Wiolcia 78.Moj synek już zapisany do Abbey, po prostu to było najbliżej i jeszcze jedno.Przedszkole to tylko 2.5 godziny to w sumie nie dużo.Byłam tam na dniach otwartych i bardzo mu się podobało.Jeśli chodzi o szkołe to będe myśleć potem.Ciekawa tylko jestem czy ktoś dał tam dziecko.O lorne st primary słyszałam o st Marys słyszałam na east london.

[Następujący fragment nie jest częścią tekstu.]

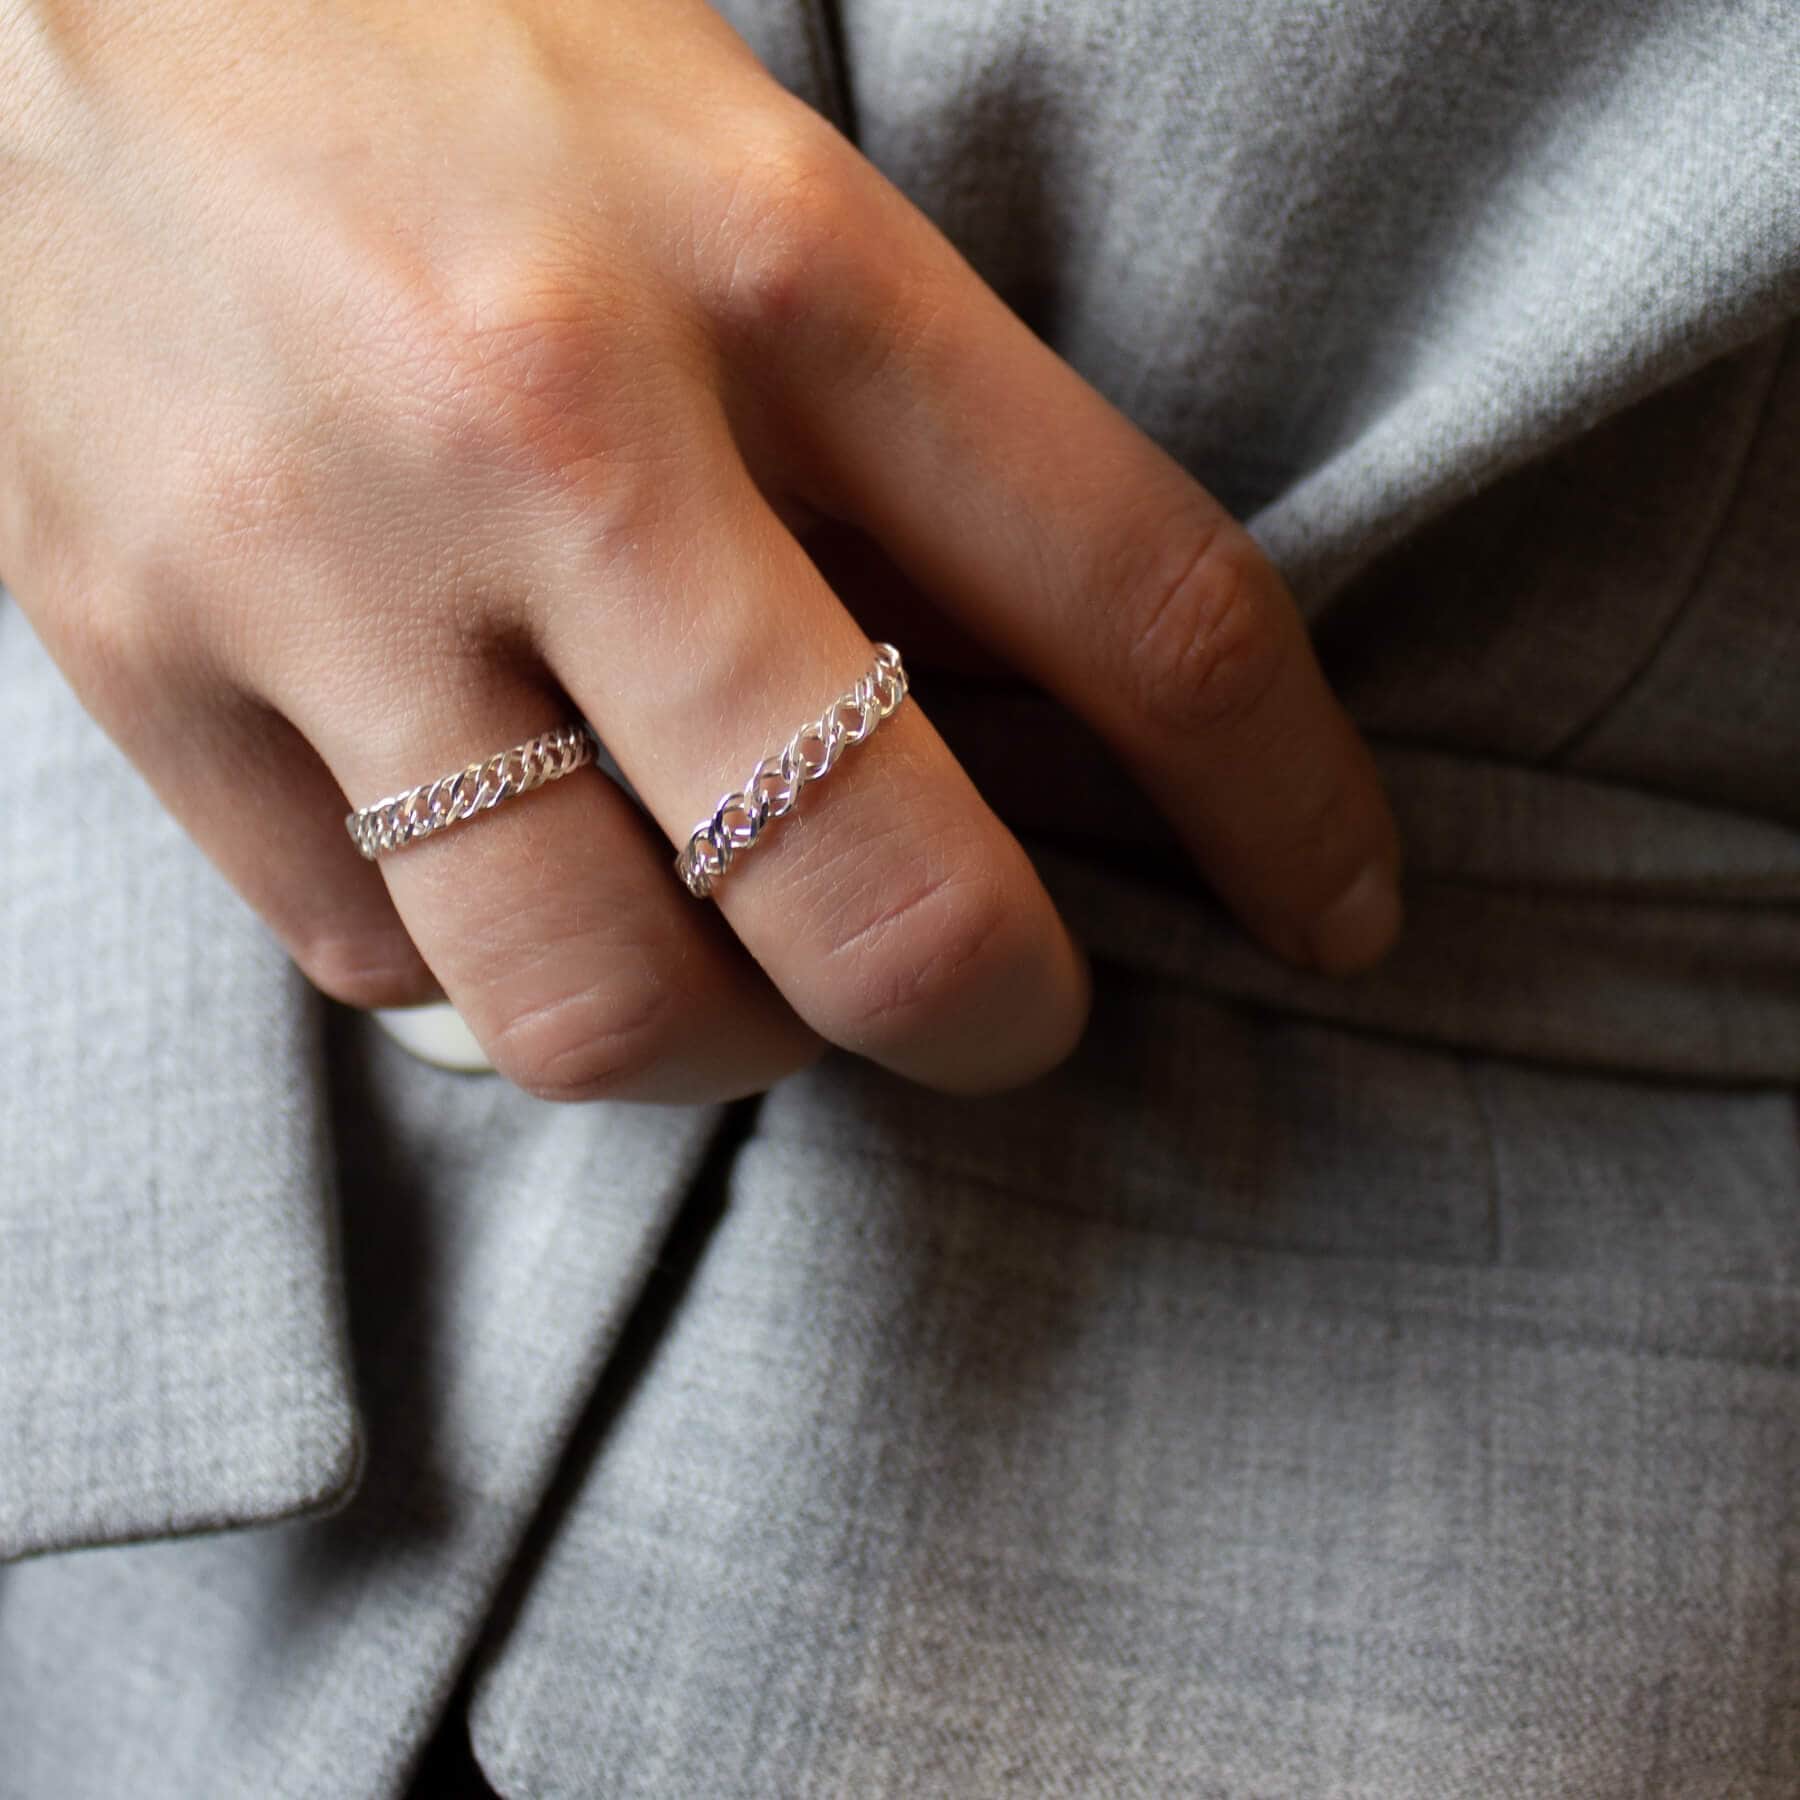 Silver chain rings on the model who is wearing a gray jacket.

Witam was kochane mamusie duzych i malych dzieciaczkow:) Mam problem , moja 4-letnia corka wlasnie zaczela przedszkole,ale nie chce w nim zostawac beze mnie ...Probowalam dociec problemu dlaczego tak sie dzieje , ale ona sama nie wie dlaczego nie chce tam zostac,wydaje mi sie ze jest to po prostu z przyzwyczajenia , bo mala do tej pory byla caly czas za mna.Pytlam tez czyto moze jest przyczyna tego ze nie rozumie co mowia ( bo nie zna angielskiego ), ale ona twierdzi ze to nie to . Probowalam tlumaczyc ze nic jej sie tam nie stanie i ze jej tam nie zostawie tylko przyjde za jakis czas jak juz pobawi sie z dziecmi, ale to i tak nic nie dalo. W domiu mowi ze zostanie jutro sama ,a jak jestesmy w przedszkolu to znowu zaczyna sie to samo ,placz i histeria. Co robic??? Czy ktoras z was miala taki problem i wiaki sposob go rozwiazala, prosze o jakiekolwiek rady. Z gory serdecznie dziekuje.